Losing a manager is always stressful. We’ve spent the last eighteen months building a relationship with our current leader, proving our worth, but now they’re off. Naturally, we worry what kind of person will replace them.

For we’ve all been here before, lamenting the loss of a mentor for a manager who couldn’t care less. Or, worse than that, a competent manager for one who broke everything.

What kind of continuity will we see, we wonder, fearful that we will have to start all over again from square one, proving that we’re deserving of our position?

Some of us have outlasted our entire senior leadership and executive many times over, but that’s no guarantee of anything.
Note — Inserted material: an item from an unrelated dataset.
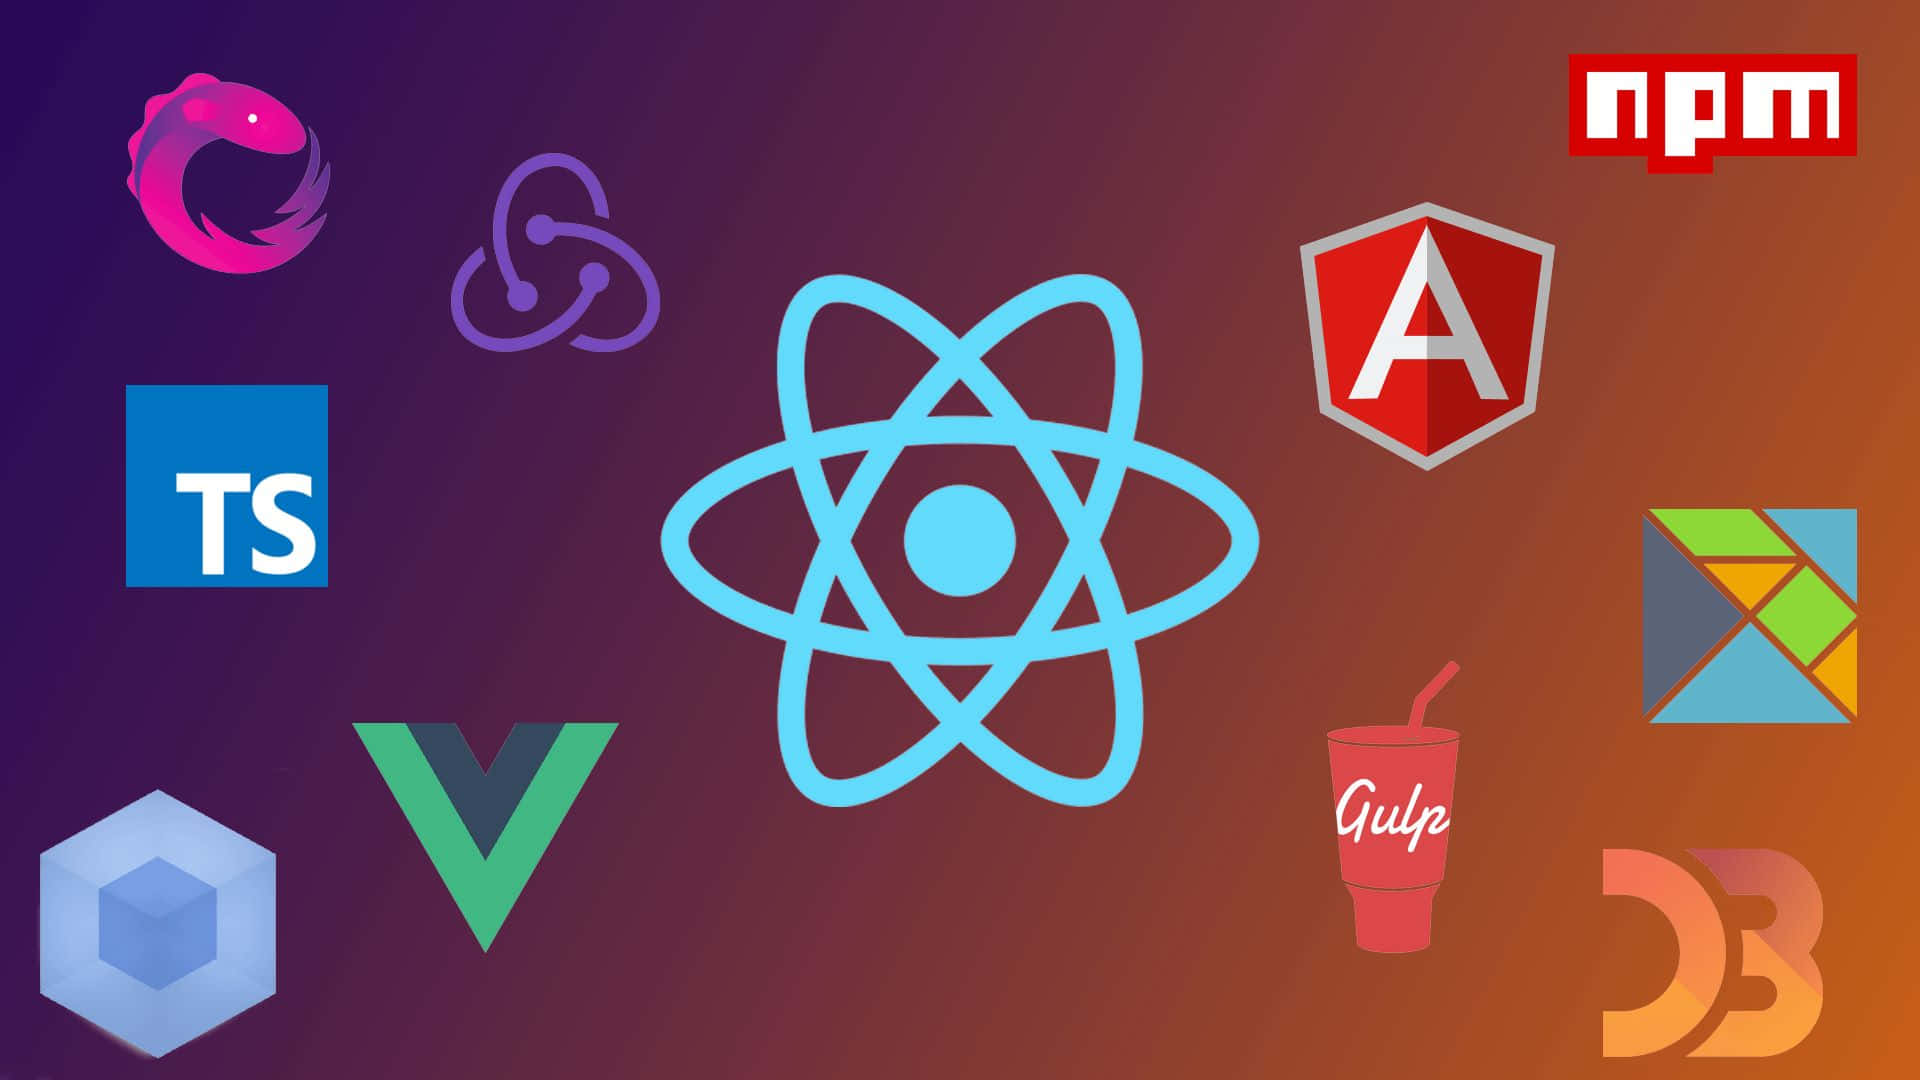 Java Script Development Tools Logos Wallpaper

Mostly, we’re at the mercy of people whose primary motivation is forwarding their own careers.

Just now, the future is completely unknown to us. We have no idea what kind of person will take their place — if anyone at all for the foreseeable future. We hope for the competent and kind, but the floor is open.

Will it be a bright new dawn for us? Does it herald new opportunities? Could it enable us to finally achieve our own ambitions? Or do we stand at the cusp of our own demise, soon to be sent packing back into ourselves?

With each new manager, it’s as if we’re being interviewed all over again. How we fare in the process depends as much on their personality as ours. Who’s to know if we will be a champion in six months’ time, or an idiot again, discarded?

We pray for some kind of continuity, petitioning our departing manager to file our positive appraisal in their handover notes for the next in line to study. Let’s just hope we left enough of a mark to ensure this is the moment we swim free and not just sink like a stone, back into the abyss.